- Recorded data
▽

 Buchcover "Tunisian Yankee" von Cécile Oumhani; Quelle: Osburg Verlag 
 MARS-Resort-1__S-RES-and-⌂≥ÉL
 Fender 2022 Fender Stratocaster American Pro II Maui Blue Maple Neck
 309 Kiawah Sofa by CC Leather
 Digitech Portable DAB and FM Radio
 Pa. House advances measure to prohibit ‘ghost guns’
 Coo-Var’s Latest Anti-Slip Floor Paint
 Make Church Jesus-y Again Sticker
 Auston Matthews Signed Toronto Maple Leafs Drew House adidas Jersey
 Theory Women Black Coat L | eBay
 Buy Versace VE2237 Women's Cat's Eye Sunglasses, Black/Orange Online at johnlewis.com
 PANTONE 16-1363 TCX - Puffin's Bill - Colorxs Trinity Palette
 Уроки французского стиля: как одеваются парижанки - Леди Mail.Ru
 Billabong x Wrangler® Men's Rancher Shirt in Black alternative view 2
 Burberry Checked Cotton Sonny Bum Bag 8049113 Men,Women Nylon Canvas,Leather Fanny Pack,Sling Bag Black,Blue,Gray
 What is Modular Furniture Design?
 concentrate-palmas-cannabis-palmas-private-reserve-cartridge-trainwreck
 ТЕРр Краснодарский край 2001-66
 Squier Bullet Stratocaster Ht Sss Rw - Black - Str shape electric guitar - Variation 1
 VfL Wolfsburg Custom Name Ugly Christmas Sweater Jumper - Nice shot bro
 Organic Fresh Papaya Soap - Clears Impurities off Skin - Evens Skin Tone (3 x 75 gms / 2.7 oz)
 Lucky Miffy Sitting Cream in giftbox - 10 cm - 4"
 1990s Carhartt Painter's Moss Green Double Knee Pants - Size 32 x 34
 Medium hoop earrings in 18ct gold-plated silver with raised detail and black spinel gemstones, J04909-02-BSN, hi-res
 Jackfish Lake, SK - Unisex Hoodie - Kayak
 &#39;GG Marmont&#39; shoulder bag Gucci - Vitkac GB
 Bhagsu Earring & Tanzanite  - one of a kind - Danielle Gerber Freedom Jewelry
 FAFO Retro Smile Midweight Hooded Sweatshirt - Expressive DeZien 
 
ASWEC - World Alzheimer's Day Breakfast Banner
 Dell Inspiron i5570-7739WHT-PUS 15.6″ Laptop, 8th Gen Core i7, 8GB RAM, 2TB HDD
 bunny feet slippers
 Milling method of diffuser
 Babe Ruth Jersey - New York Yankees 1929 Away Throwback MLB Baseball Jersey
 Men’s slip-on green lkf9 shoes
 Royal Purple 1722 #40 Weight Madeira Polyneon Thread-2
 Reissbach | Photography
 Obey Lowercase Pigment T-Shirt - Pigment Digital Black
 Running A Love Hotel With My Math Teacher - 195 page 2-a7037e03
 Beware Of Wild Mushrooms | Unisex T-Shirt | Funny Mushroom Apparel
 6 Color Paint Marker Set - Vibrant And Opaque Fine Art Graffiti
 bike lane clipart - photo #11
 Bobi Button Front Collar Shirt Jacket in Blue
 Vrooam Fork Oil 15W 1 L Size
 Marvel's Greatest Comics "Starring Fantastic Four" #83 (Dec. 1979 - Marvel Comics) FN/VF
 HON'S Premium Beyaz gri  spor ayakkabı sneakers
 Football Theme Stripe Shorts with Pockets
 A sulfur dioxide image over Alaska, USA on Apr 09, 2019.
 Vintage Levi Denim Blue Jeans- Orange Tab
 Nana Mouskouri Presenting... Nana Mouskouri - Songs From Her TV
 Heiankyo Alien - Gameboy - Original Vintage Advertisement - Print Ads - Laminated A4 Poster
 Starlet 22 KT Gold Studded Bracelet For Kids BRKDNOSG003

△

- What is being asked
What is needed is an exact copy of the line containing "6 Color Paint" and each line after it, through the final line of the entries above.

- Task result
 6 Color Paint Marker Set - Vibrant And Opaque Fine Art Graffiti
 bike lane clipart - photo #11
 Bobi Button Front Collar Shirt Jacket in Blue
 Vrooam Fork Oil 15W 1 L Size
 Marvel's Greatest Comics "Starring Fantastic Four" #83 (Dec. 1979 - Marvel Comics) FN/VF
 HON'S Premium Beyaz gri  spor ayakkabı sneakers
 Football Theme Stripe Shorts with Pockets
 A sulfur dioxide image over Alaska, USA on Apr 09, 2019.
 Vintage Levi Denim Blue Jeans- Orange Tab
 Nana Mouskouri Presenting... Nana Mouskouri - Songs From Her TV
 Heiankyo Alien - Gameboy - Original Vintage Advertisement - Print Ads - Laminated A4 Poster
 Starlet 22 KT Gold Studded Bracelet For Kids BRKDNOSG003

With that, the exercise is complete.